**Data excerpt:**

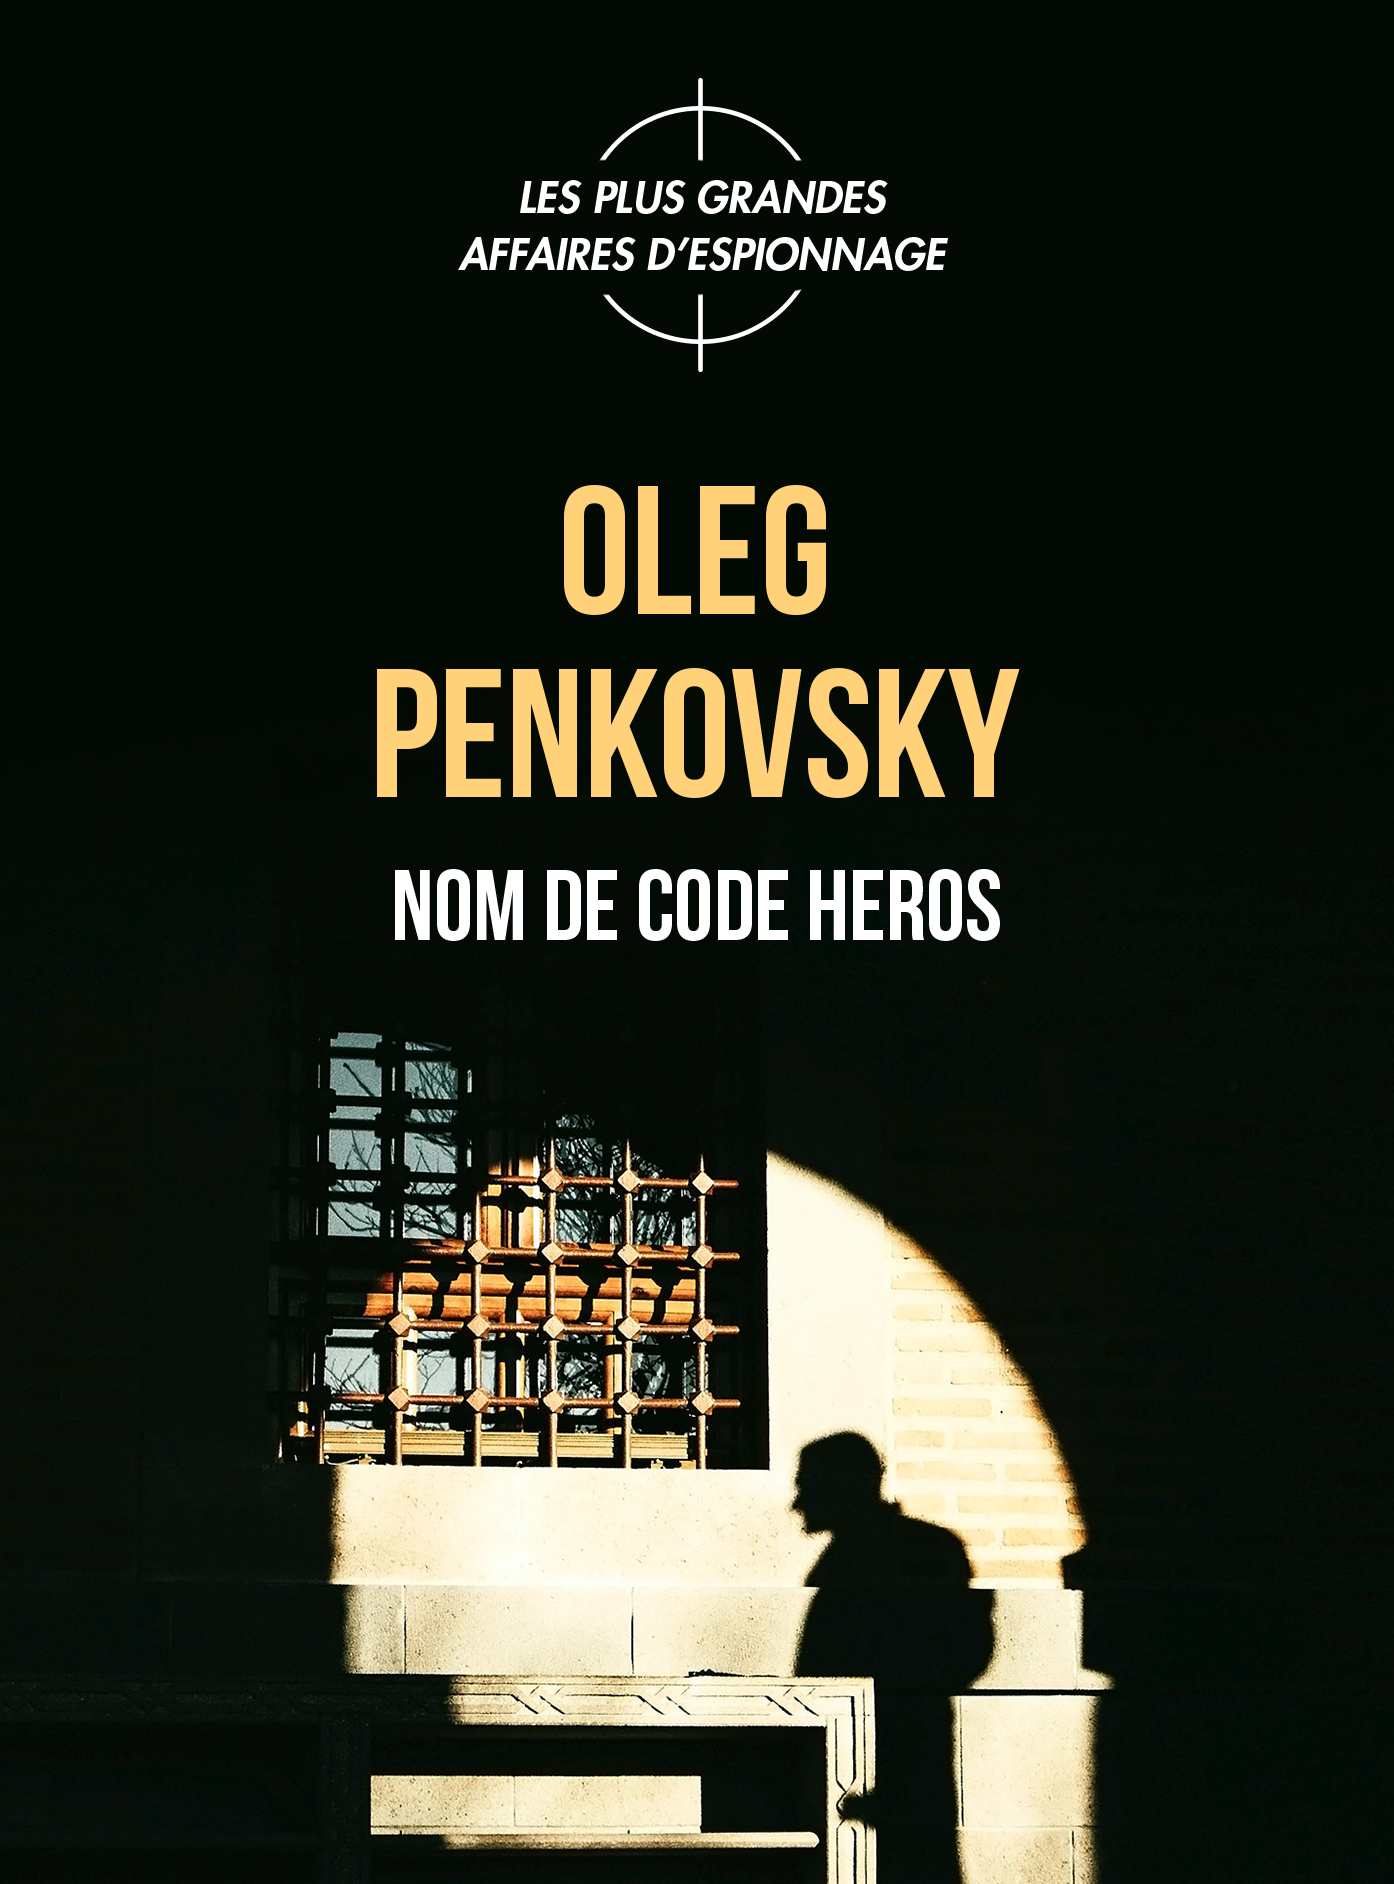 Oleg Penkovsky, nom de code HEROS
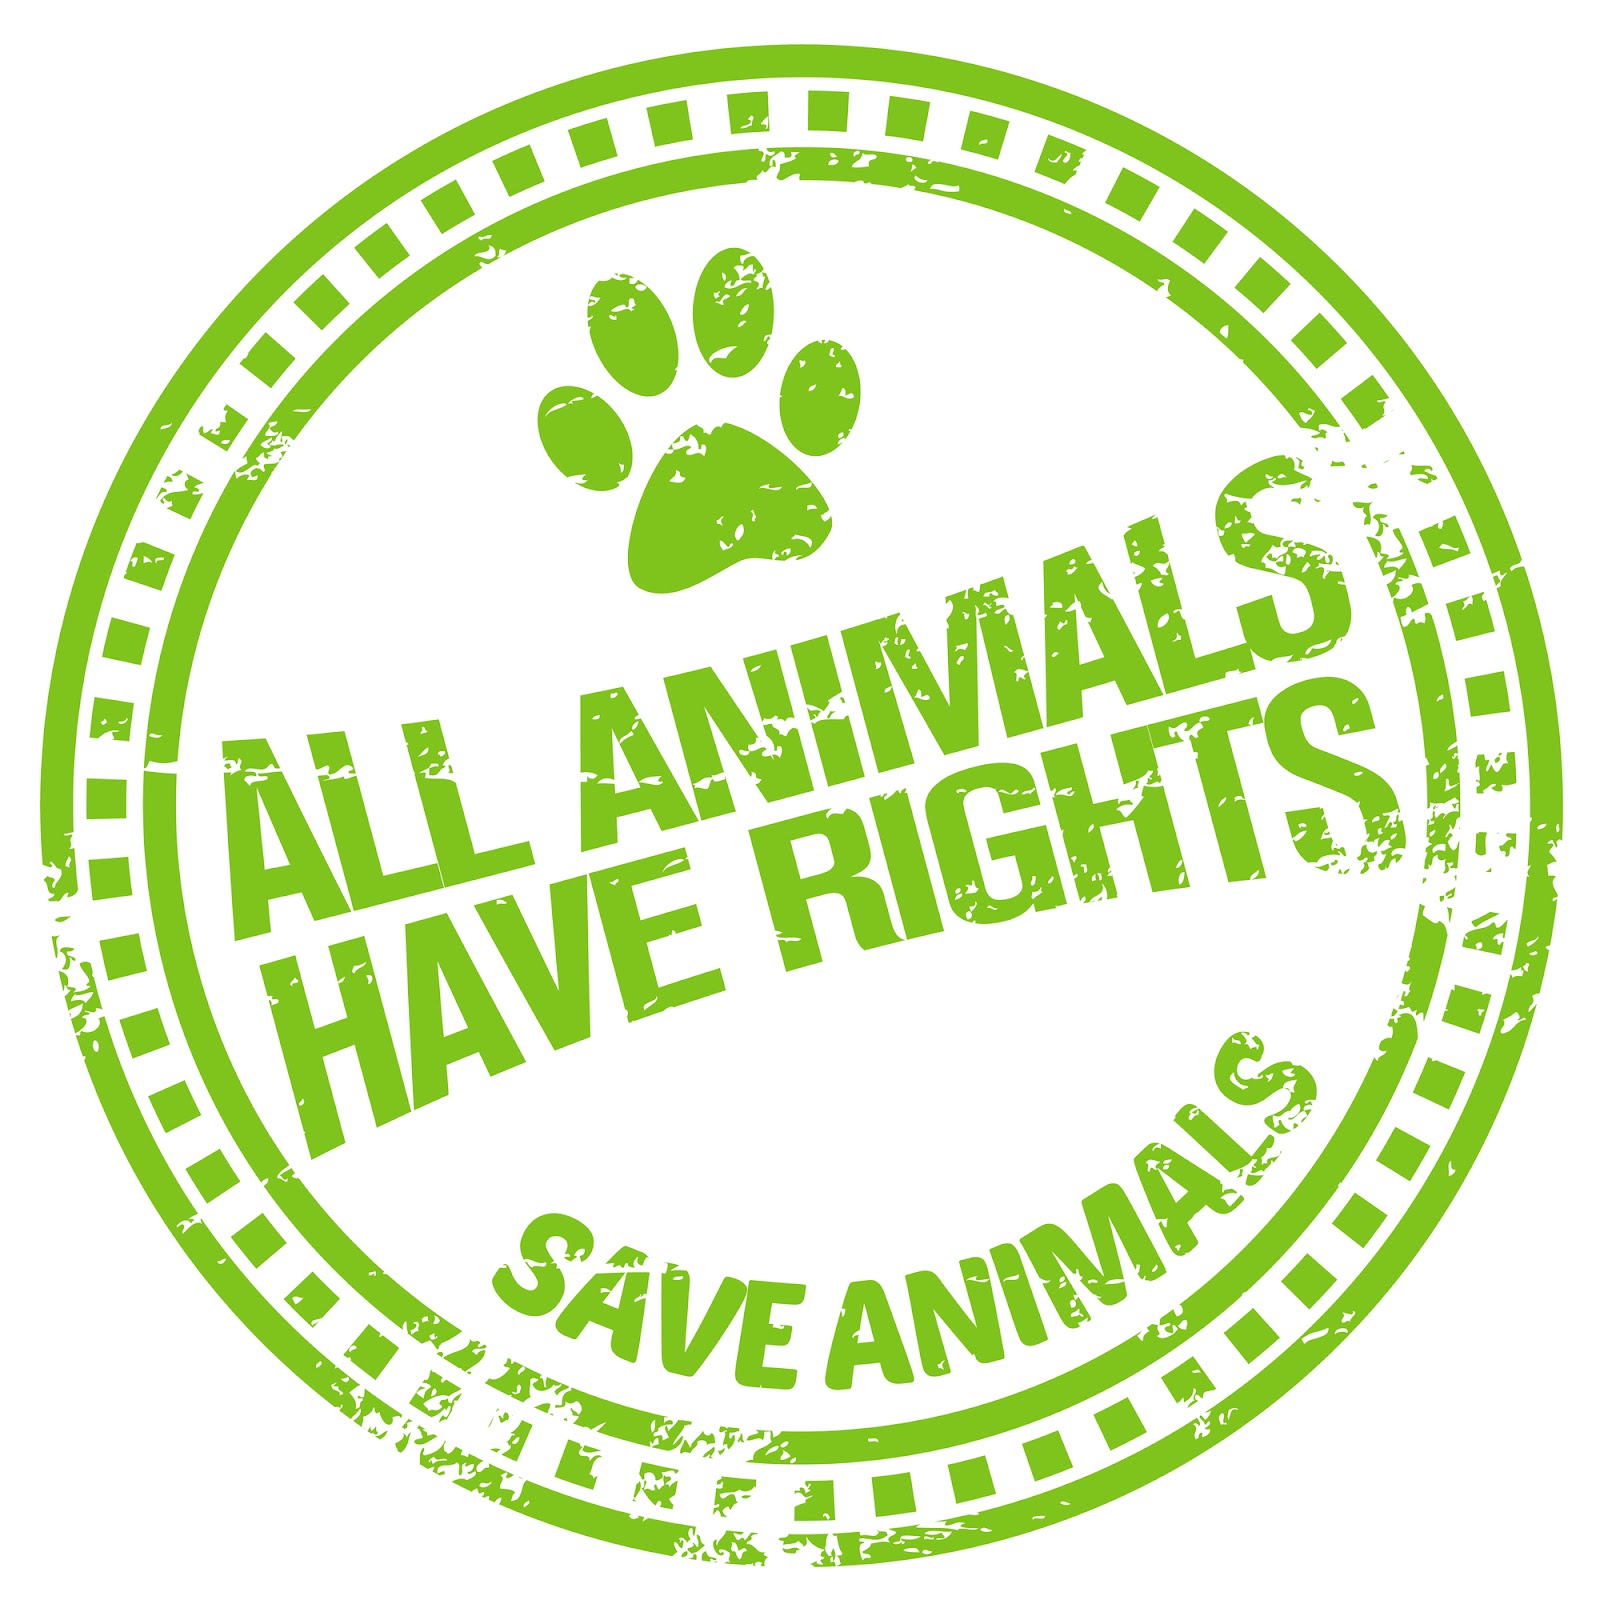 essays on animal rights
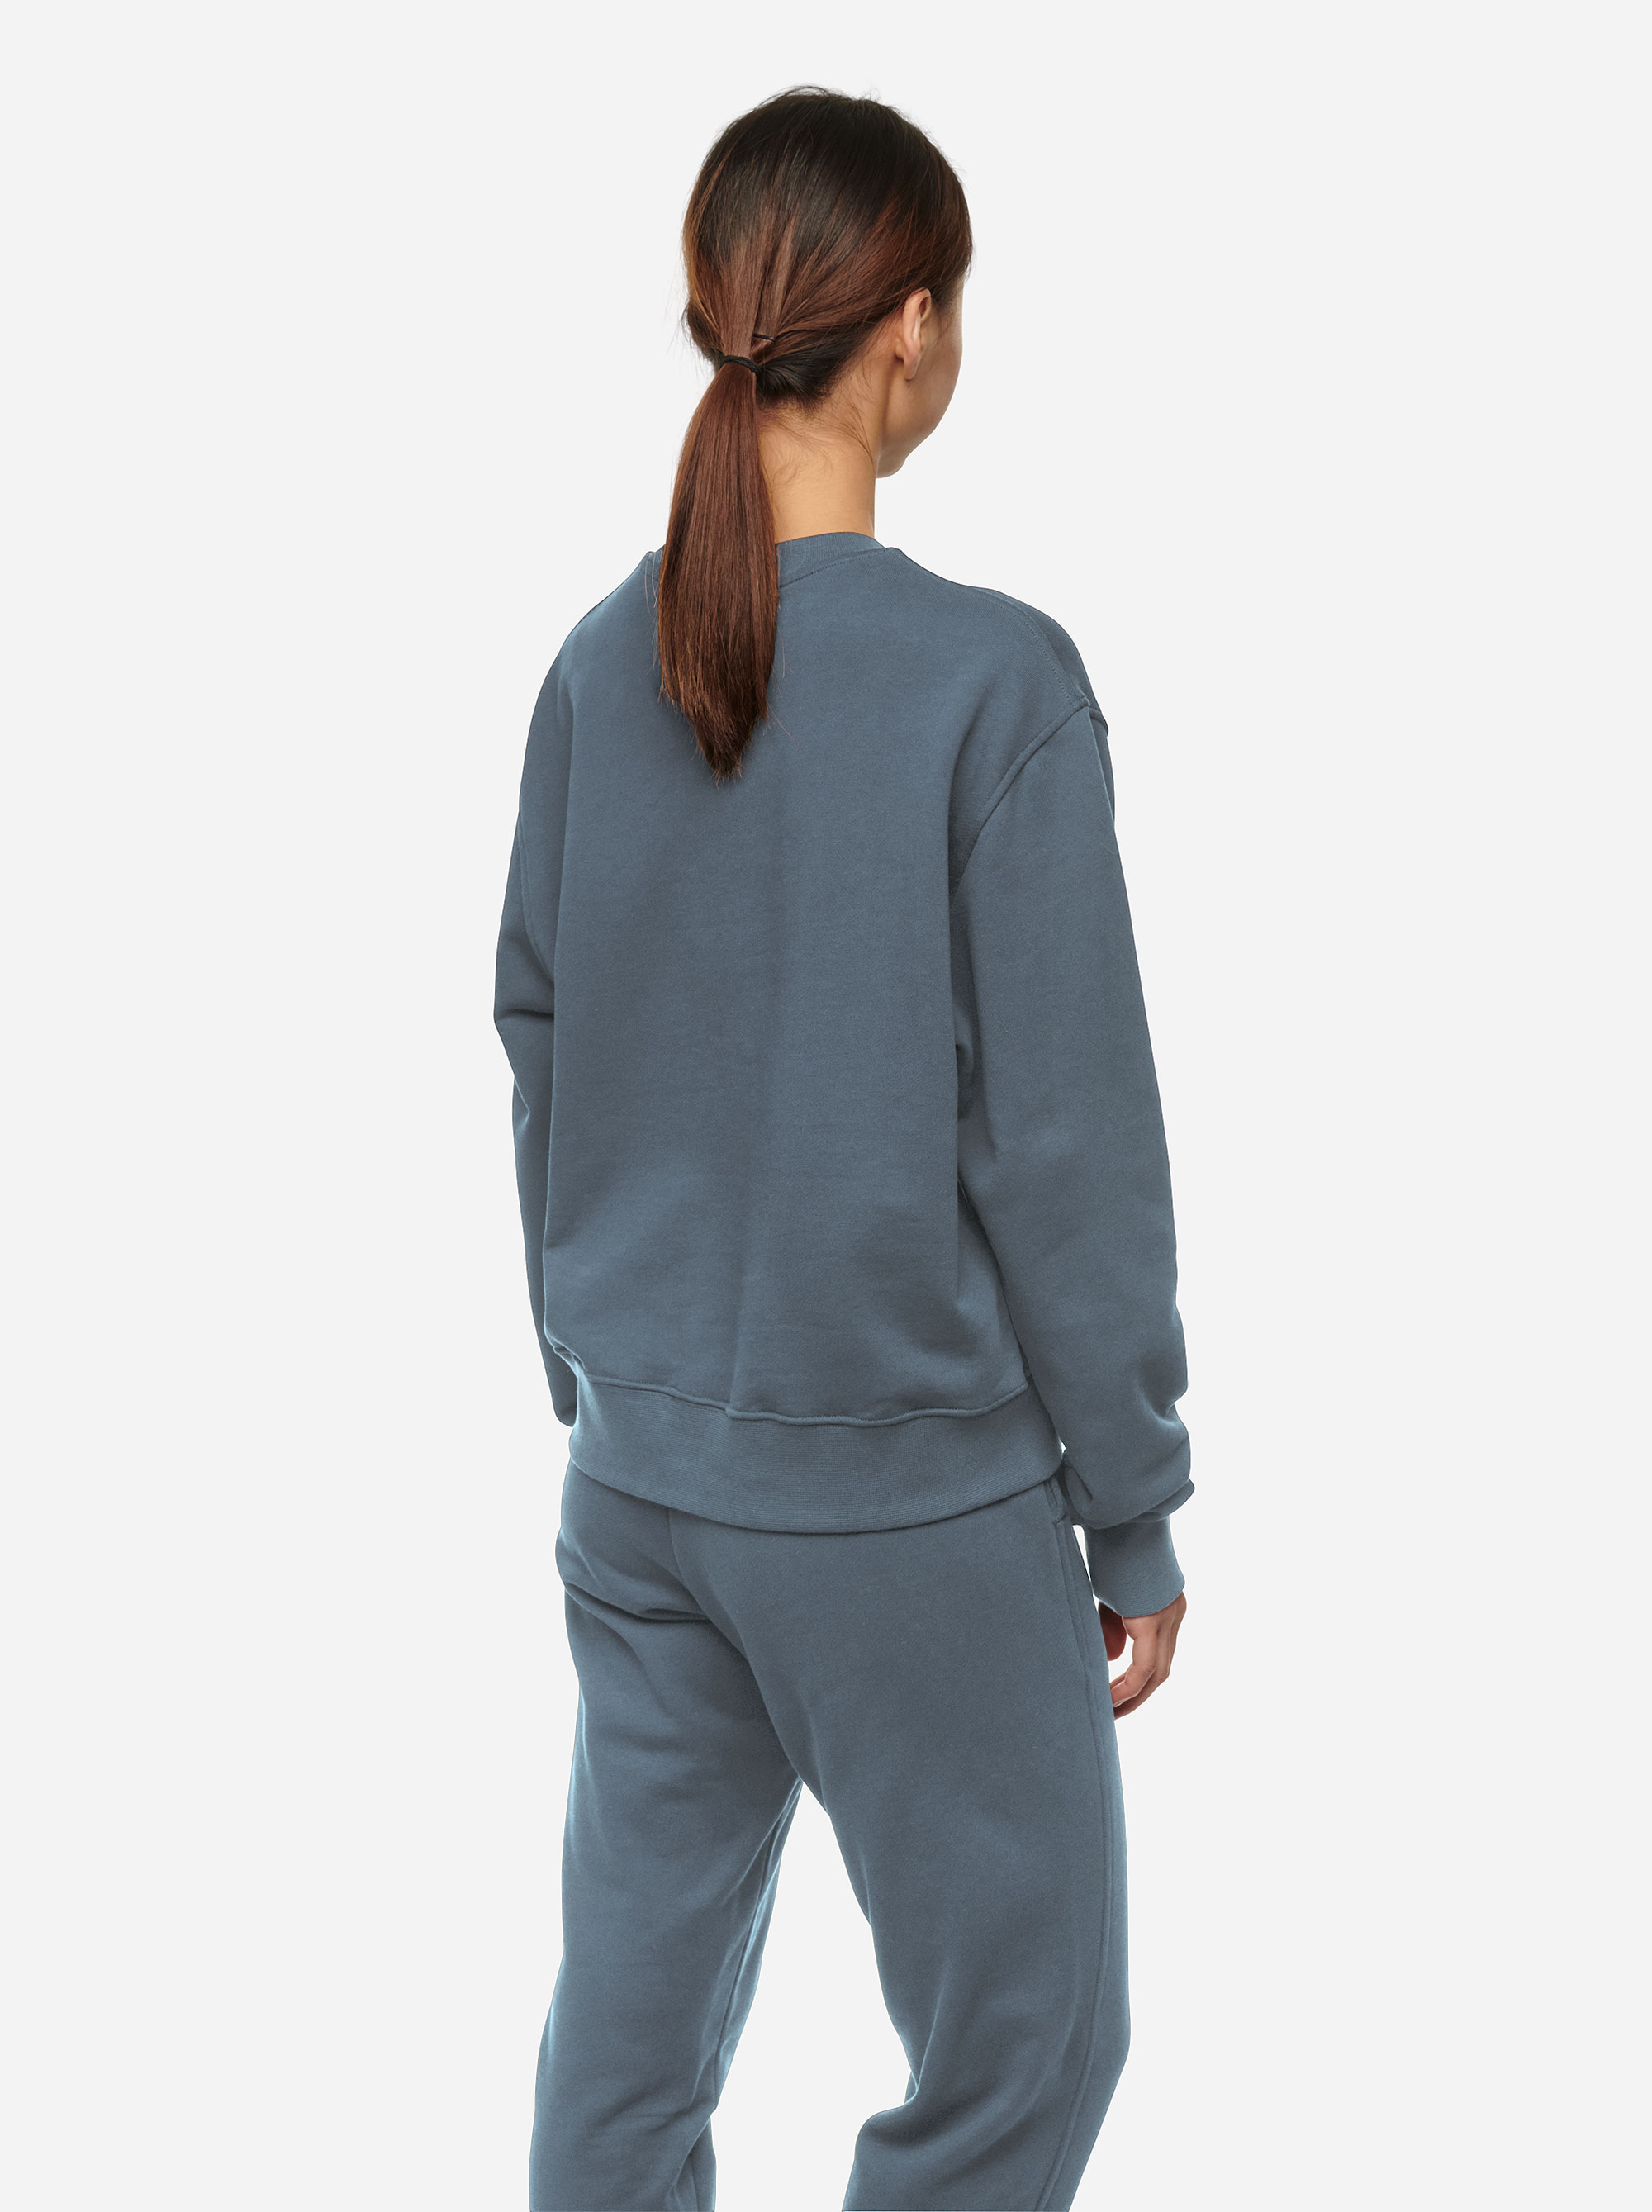 Teym - The Sweatshirt - Women - Blue Grey - 2

**Exercise directions:**
Would you copy out the data exactly, leaving every picture out?

**Solved problem:**
 Oleg Penkovsky, nom de code HEROS
 essays on animal rights
 Teym - The Sweatshirt - Women - Blue Grey - 2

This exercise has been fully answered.